What Moment Built Instead
Moment’s post is the second in a series — their first explored other myths about collaborative editing, and this one targets the specific library question. Reading between the lines of their reasoning, a custom server-authoritative system with selective conflict resolution is likely closer to what they ended up with. Spreadsheets are a case where the data model is simple (cells have values and formulas), the conflict semantics are well-defined (last writer wins per cell, formula re-evaluation is deterministic), and server authority is essential (you can’t let client-side CRDTs compute formulas; the server needs to own that).
This is a reasonable conclusion. The mistake isn’t using Yjs — it’s assuming Yjs solves the general problem of collaborative editing when it solves the specific problem of peer-to-peer convergence for unstructured content.
The Broader Lesson
CRDTs are a beautiful piece of distributed systems theory. The guarantee they provide — that any two replicas that exchange all messages will converge, regardless of order — is elegant and genuinely useful. Yjs implements this guarantee well, with a mature codebase, good performance characteristics, and a developer experience that makes the common case easy.
The problem is that the collaborative editing community, eager to escape the complexity of operational transformation and central servers, oversold CRDTs as a universal solution. Text editors are a near-perfect fit. Structured documents with business logic, permissions, and formula evaluation are not.

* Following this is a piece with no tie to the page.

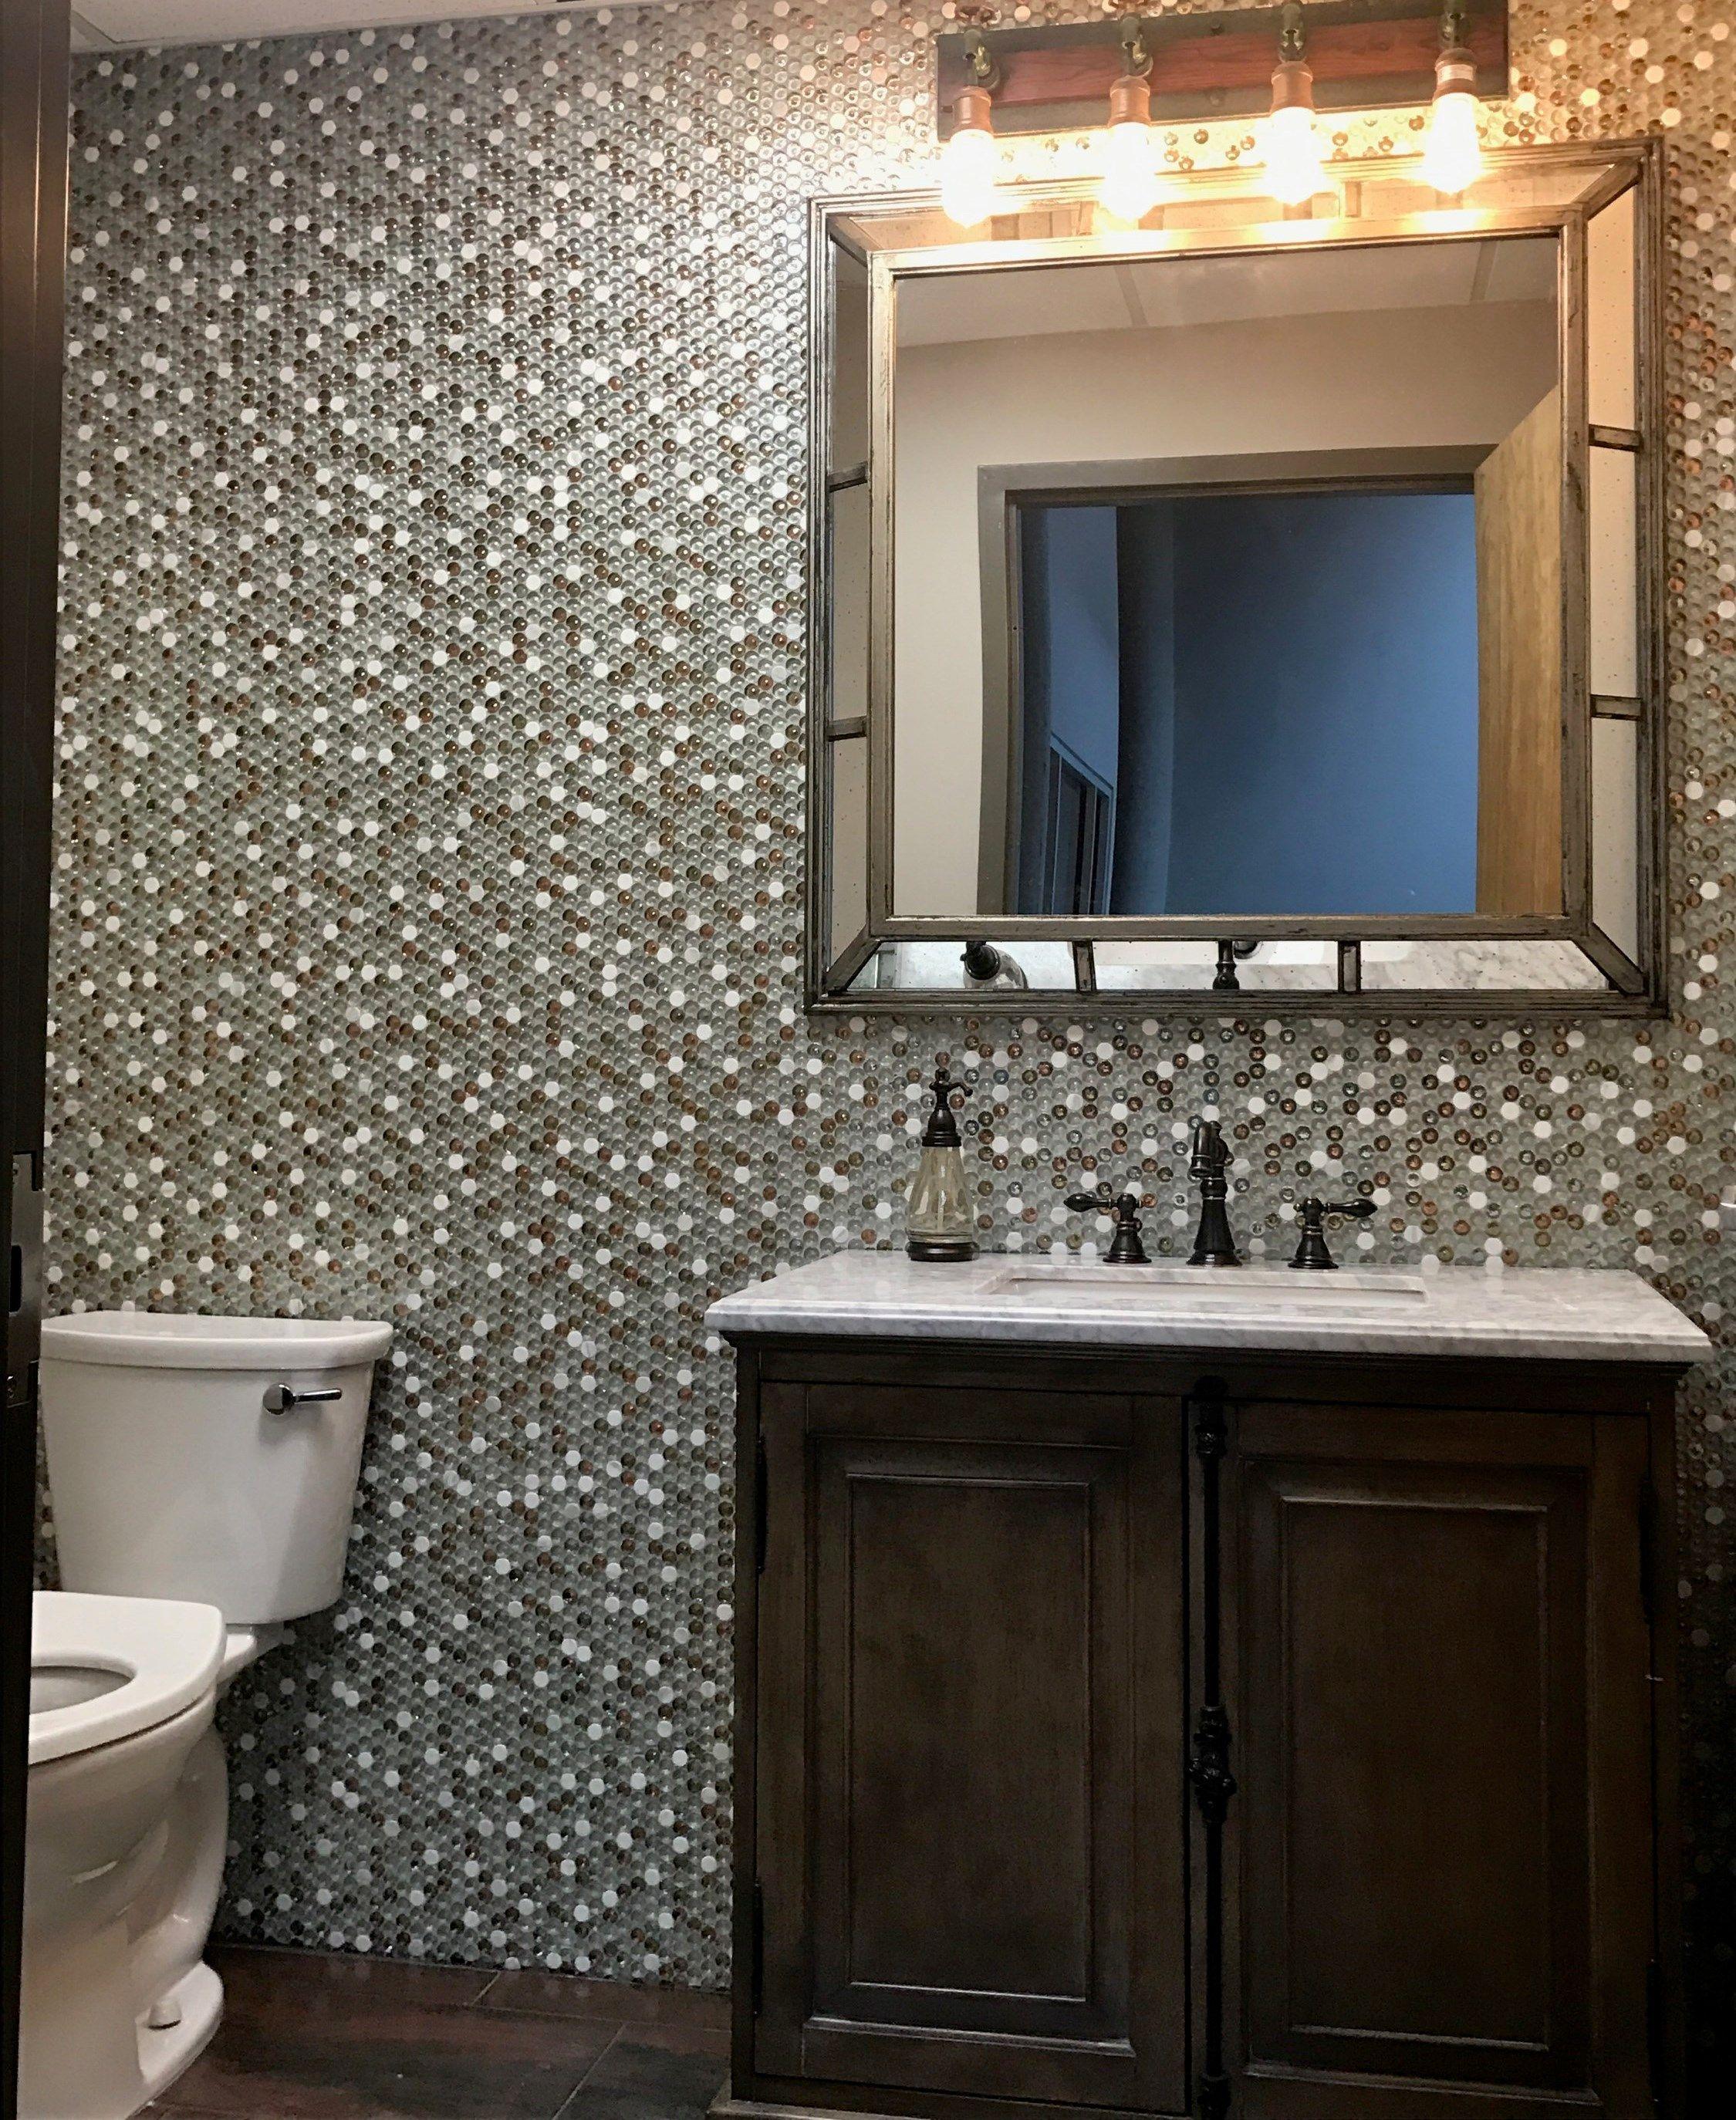 BeElegant Mosaic tile designs, Custom mosaic tile, Tile

Before reaching for Yjs, it’s worth asking which of its properties you actually need. If you need offline-first with no server, peer-to-peer sync, and the document is primarily text or unstructured content, Yjs is a strong choice. If you need server-enforced constraints, bounded storage costs, and structured data with semantic conflict resolution, you’re likely building something that a CRDT library will fight against rather than help.
The Moment post is a useful corrective to a narrative that’s been running unchallenged for a few years. Yjs is good. It’s not universally good. That’s a distinction the collaborative editing ecosystem is still working out how to communicate clearly.